I understand that, and no disrespect to you, but even the concept of IQ testing has major unresolvable problems with construct validity that has plagued it from the beginning, let alone all the other issues. I'd go so far as to say that IQ testing completely is worthless, unless all you're measuring is a person's ability to pass a culture-bound test. Not only are these tests worthless from a validity angle, they also fail to have any predictive value relative to performance--again, unless all you're measuring is standardized test-taking ability. Are amazing test-takers more likely to succeed in academics--sure! But only if all they do is take more tests. Are amazing test-takers smarter than everyone else? I think a case could be made that high-performing test takers could be LESS intelligent than other people, because the skills required to pass standardized tests require rigid, stereotyped thinking to understand and pass them. Also, even if IQ testing worked as advertised, at their very best they could only measure one facet of intelligence (analytical skills). They are silent on socioemotional intelligence, the ability to form new insights, complex abstract reasoning, creativity, etc. Einstein likely would have "failed" an IQ test, but that speaks to the failings of the test to capture the reality, not Einstein's lack of ability.
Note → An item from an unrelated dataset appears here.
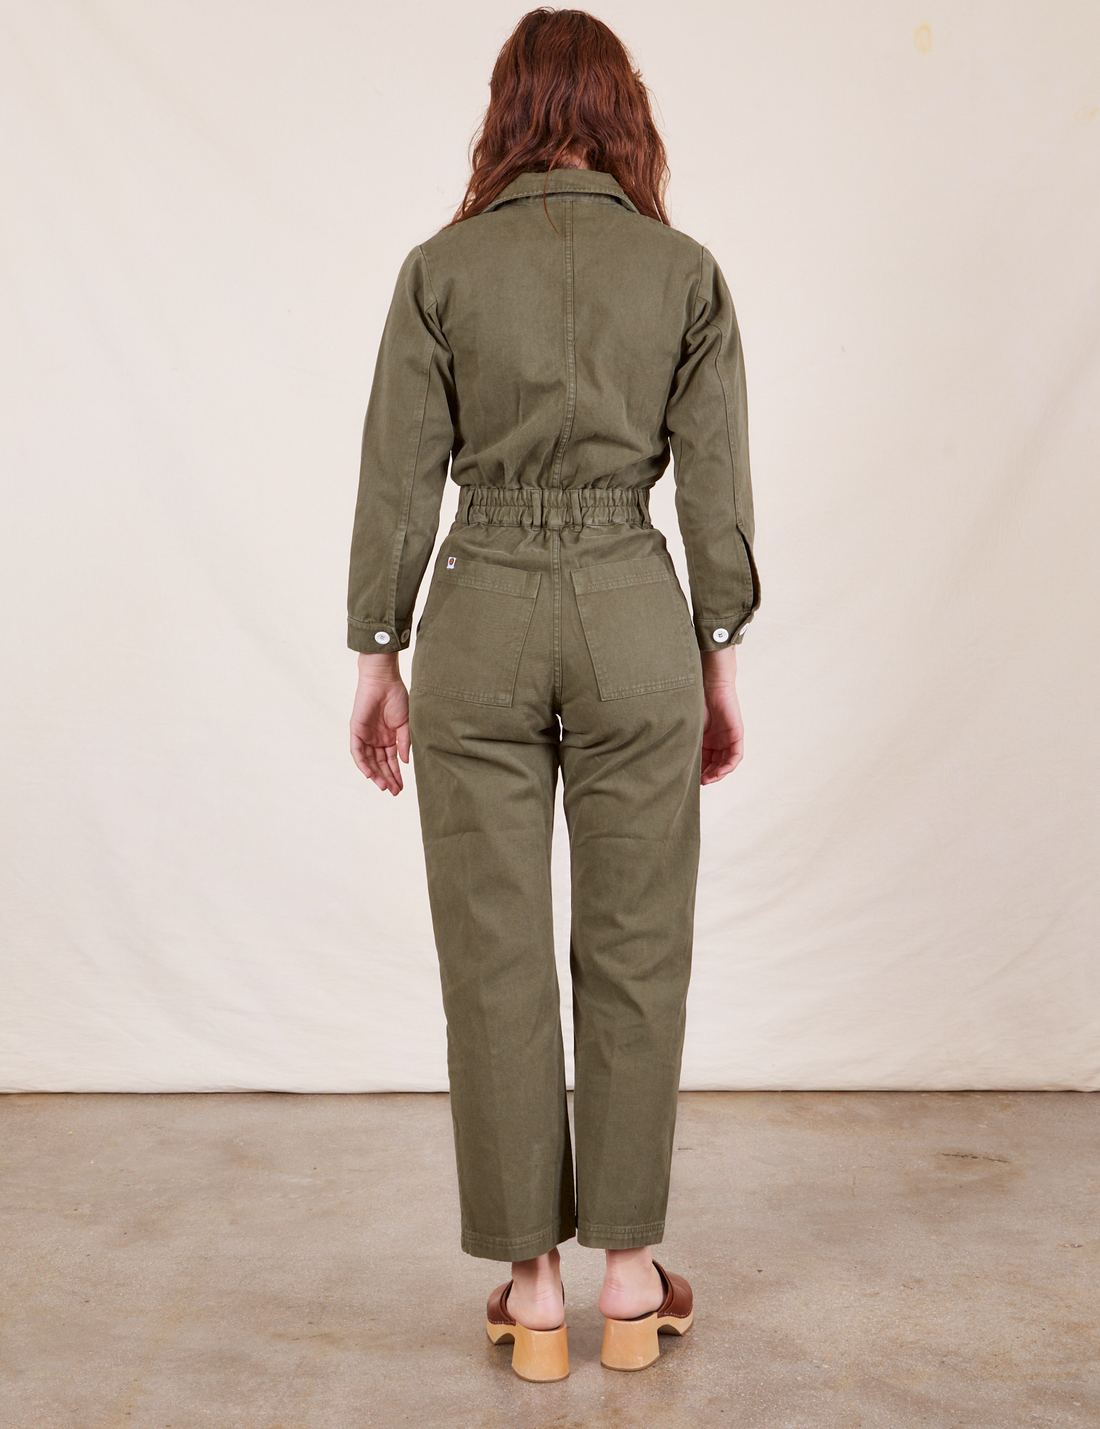 Back view of Everyday Jumpsuit in Surplus Green worn by Alex

Name: Read a little about the reality of teaching in black schools. Blaming the tests and ignoring what is actually happening helps no one. We need to move disruptive students out so those who have a chance to learn can.
https://wesleyyang.substack.com/p/taught-for-america
Freddie DeBoer discusses academic ability here:
“The brute reality is that most kids slot themselves into academic ability bands early in life and stay there throughout schooling. We have a certain natural level of performance, gravitate towards it early on, and are likely to remain in that band relative to peers until our education ends. There is some room for wiggle, and in large populations there are always outliers. But in thousands of years of education humanity has discovered no replicable and reliable means of taking kids from one educational percentile and raising them up into another. Mobility of individual students in quantitative academic metrics relative to their peers over time is far lower than popularly believed. The children identified as the smart kids early in elementary school will, with surprising regularity, maintain that position throughout schooling. Do some kids transcend (or fall from) their early positions? Sure. But the system as a whole is quite static. Most everybody stays in about the same place relative to peers over academic careers. The consequences of this are immense, as it is this relative position, not learning itself, which is rewarded economically and socially in our society.”
He and Steve Sailer are telling us something if we are prepared to listen. Refusing to acknowledge these facts or discuss them doesn’t help in an age when the Supreme Court is upending virtually everything in the relationship between the races.